Theoretical modeling of the liquid-phase chlorination of 4-nitroaniline catalyzed by dimethyl sulfoxide

Abstract

The mechanism of interaction of molecular chlorine with 4-nitroaniline in the aqueous medium, leading to the production of 2-chloro-4-nitroaniline, was studied. The simulation was carried out using high-level quantum chemistry methods DFT/ωB97x-D4/aug-cc-pVTZ//DLPNO-CCSD(T)/CBS and the SMD solvent model, and correction of translational entropy was also applied during the transition to the liquid-phase process. It was found that the reaction proceeds through the formation of an intermediate σ-complex and its subsequent decomposition. The catalytic role of dimethyl sulfoxide (DMSO) was investigated. It has been shown that DMSO catalyzes not only the σ-complex formation, but also its decomposition, participating in the deprotonation reaction with the formation of the DMSO cation (C2H7OS+).

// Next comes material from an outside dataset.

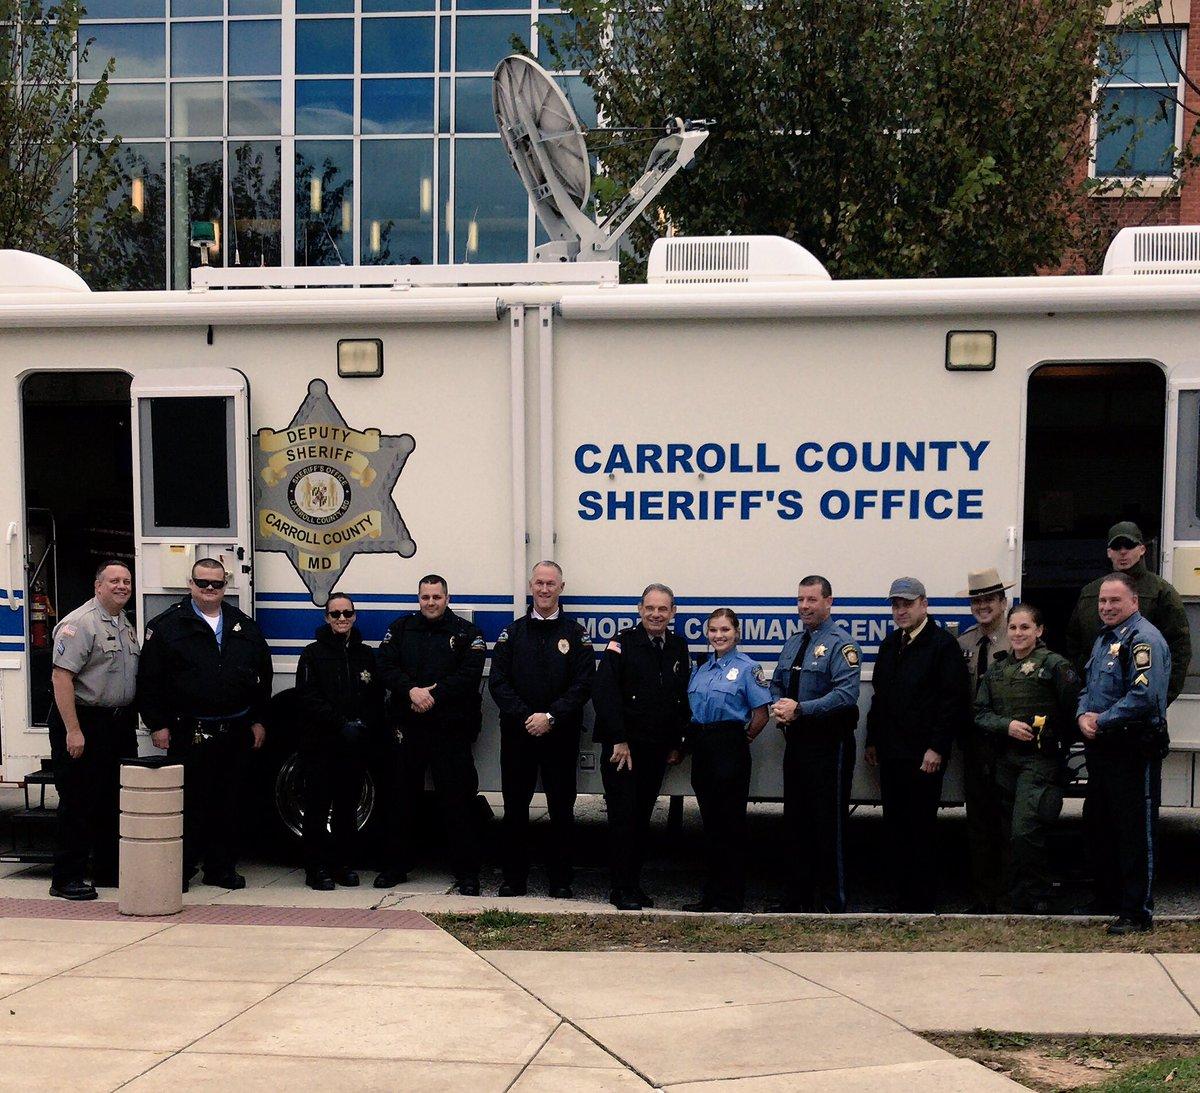 Carroll County Sheriffs Office Twitter - Keshowazo

The thermodynamic and kinetic parameters of the reaction were calculated, and it was determined that the catalyst reduces the free activation energy of the first stage from 45 to 33 kJ/mol (298 K), and makes the second stage practically barrier-free. The reaction rate constant increases by 107 times. The catalyst action mechanism is to reduce the electrostatic repulsion in the chain of C–Cl–Cl atoms in the transitional state by shifting the electron density to the 4-nitroaniline molecule. Pre-reaction π-complexes of chlorine with 4-nitroaniline are formed due to van der Waals forces, and the σ-complex can be stabilized by dimethyl sulfoxide due to the formation of intermolecular hydrogen bonds. The presented mechanism will allow a better understanding of the influence of protonable catalysts on the course of SEAr reactions.